Theater News

To Kill a Mockingbird Will Not Return to Broadway as Previously Announced

Lead producer Scott Rudin made the decision not to return over the objections of playwright Aaron Sorkin and director Bartlett Sher.

Stark Sands, Frederick Weller, and Erin Wilhelmi appeared in the Broadway run of To Kill a Mockingbird.
Stark Sands, Frederick Weller, and Erin Wilhelmi appeared in the Broadway run of To Kill a Mockingbird.
(© Julieta Cervantes)

Aaron Sorkin's blockbuster stage adaptation of Harper Lee's To Kill a Mockingbird will not be returning to Broadway, as previously reported. Multiple accounts attribute the final decision to lead producer Scott Rudin, who still seems to be taking an active role in the production despite talk of a "step back" in his role as a Broadway impresario.

When To Kill a Mockingbird ended its run at the Shubert Theatre on January 16, it was couched as a hiatus until June 1, when the production was to resume performances at the Belasco Theatre. That date came and went, with the Belasco's previous tenant, Girl From the North Country, returning to play a special awards-season engagement through June 19.

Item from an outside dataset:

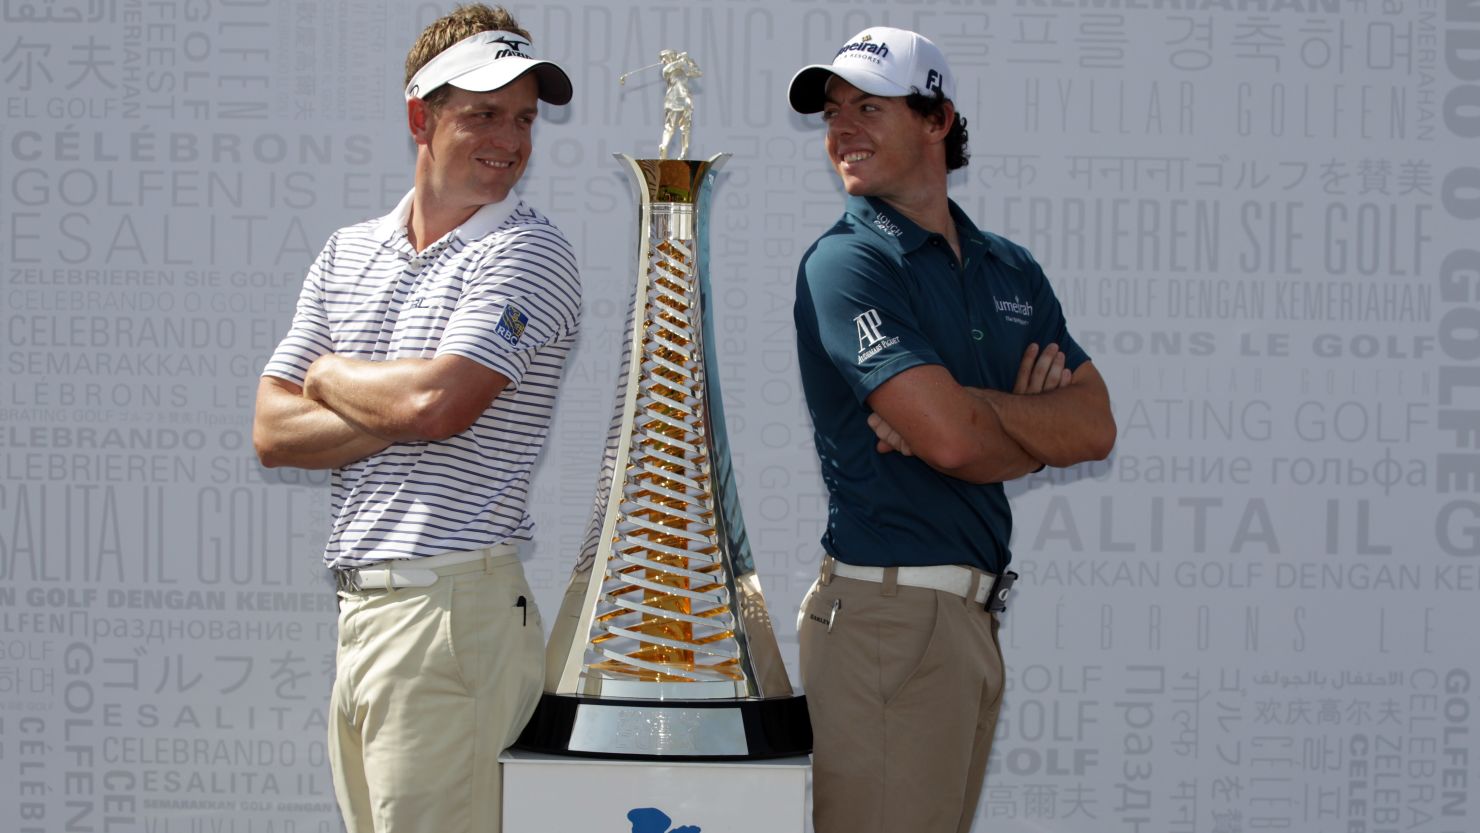 Luke Donald (left) and Rory McIlroy are all smiles ahead of this week's Dubai World Championship.

According to e-mails obtained by the New York Times, the most recent plan was to reopen Mockingbird at the Music Box Theatre on November 2, but Rudin scrapped that idea in a note to playwright Aaron Sorkin and director Bartlett Sher last Friday. Rudin attributed his decision to the hostile economic environment for plays on Broadway in the winter. Sorkin and Sher expressed their disappointment in a separate e-mail to collaborators.

To Kill a Mockingbird regularly broke box office records at the Shubert and has been hailed as the "most successful American play in Broadway history." It recouped its $7.5 million initial investment just 19 weeks after opening.

The coming-of-age/courtroom drama continues to play to audiences around the country in a national tour starring Richard Thomas. On the Philadelphia leg of the tour, TheaterMania critic Cameron Kelsall opined, "while this Mockingbird flew back into the public consciousness just four years ago, its message now seems both antiquated and simplistic." You can read his full review here.

Showbiz411 broke this story, with further details provided by the Times.